§ WORK INSTRUCTIONS: The tail of the records, from the line containing "Die Mitglieder des" through the final line, should be printed exactly and on its own.

§ Records from a data source:
____________

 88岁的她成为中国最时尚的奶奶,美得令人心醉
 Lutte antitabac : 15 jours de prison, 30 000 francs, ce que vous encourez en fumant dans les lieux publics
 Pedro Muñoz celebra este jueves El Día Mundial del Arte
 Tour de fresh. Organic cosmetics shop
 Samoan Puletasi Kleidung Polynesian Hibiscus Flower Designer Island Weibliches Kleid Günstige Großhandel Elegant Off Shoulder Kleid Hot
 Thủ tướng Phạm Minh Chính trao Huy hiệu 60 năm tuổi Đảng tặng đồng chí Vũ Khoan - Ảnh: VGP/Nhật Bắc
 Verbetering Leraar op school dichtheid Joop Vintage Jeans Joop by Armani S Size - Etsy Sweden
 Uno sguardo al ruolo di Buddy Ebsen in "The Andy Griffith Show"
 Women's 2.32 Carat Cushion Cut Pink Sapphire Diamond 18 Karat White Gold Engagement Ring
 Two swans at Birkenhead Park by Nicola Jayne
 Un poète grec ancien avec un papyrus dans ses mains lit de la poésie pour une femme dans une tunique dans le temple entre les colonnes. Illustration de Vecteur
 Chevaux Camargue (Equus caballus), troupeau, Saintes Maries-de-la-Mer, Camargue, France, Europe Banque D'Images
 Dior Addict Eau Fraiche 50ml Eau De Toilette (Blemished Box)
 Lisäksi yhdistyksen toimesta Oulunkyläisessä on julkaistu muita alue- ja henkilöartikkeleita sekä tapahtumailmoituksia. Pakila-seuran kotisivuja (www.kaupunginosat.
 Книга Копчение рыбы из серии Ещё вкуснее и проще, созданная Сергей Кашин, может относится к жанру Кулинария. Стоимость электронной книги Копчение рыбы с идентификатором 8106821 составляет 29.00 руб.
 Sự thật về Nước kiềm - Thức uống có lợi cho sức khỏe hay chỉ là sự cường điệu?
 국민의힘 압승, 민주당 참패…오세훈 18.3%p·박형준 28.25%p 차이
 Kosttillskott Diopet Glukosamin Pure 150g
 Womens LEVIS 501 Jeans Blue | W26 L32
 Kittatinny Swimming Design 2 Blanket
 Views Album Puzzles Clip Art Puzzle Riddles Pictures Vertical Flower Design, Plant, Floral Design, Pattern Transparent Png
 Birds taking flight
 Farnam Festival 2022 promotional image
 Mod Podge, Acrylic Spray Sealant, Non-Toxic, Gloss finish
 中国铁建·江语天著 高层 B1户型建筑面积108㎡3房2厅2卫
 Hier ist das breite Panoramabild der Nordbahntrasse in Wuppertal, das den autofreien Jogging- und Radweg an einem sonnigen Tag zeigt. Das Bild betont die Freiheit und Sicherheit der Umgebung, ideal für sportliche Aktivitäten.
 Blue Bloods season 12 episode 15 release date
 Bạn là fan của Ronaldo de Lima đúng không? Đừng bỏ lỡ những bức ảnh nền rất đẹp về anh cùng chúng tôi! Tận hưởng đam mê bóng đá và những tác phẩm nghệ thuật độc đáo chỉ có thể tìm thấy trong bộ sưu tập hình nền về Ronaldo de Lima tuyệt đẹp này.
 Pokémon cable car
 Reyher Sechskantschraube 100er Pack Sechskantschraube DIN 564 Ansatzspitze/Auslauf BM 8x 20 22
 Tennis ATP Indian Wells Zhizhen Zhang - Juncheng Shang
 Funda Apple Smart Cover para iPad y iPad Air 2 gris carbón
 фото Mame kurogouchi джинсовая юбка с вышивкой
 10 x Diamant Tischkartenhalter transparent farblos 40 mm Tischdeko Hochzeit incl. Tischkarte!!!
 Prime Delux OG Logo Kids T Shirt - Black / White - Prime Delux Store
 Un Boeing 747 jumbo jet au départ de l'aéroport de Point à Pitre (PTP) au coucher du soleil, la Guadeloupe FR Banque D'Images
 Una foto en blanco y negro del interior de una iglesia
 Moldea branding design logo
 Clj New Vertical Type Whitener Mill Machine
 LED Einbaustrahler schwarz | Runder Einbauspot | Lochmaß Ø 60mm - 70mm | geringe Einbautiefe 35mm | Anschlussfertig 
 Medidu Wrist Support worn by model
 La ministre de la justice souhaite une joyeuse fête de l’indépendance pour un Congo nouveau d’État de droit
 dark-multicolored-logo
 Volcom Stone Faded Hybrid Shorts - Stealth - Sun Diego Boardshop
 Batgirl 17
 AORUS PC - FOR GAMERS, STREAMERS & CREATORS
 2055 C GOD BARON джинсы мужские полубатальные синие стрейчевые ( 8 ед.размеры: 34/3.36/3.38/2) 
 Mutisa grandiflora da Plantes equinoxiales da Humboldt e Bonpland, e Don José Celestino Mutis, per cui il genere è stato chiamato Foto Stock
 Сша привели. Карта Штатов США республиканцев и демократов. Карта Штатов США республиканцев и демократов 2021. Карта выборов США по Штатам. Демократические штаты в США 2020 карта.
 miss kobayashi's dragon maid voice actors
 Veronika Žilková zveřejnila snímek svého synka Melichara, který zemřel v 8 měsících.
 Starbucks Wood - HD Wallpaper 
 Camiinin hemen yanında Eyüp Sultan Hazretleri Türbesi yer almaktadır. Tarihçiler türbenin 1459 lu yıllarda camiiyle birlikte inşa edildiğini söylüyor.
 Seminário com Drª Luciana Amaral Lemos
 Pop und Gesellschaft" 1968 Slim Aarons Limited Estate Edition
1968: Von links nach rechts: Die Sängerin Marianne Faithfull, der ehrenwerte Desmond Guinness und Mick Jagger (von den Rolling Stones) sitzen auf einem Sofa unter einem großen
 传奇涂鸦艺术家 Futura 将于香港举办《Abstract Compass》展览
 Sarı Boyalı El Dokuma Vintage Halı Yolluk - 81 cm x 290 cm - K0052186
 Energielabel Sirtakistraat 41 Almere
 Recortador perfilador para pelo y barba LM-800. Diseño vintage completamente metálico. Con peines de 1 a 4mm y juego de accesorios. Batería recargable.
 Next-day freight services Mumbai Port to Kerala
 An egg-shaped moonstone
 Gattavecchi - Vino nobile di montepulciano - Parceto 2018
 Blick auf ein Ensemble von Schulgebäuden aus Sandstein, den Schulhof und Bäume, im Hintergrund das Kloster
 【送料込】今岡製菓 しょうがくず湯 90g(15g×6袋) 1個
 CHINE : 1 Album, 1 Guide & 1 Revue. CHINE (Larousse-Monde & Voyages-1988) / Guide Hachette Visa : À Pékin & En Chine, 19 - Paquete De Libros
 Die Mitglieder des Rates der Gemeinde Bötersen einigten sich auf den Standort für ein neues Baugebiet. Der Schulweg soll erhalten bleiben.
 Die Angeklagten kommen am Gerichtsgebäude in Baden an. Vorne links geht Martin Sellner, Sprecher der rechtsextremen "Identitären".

____________

§ SOLUTION TO THE PROBLEM:
 Die Mitglieder des Rates der Gemeinde Bötersen einigten sich auf den Standort für ein neues Baugebiet. Der Schulweg soll erhalten bleiben.
 Die Angeklagten kommen am Gerichtsgebäude in Baden an. Vorne links geht Martin Sellner, Sprecher der rechtsextremen "Identitären".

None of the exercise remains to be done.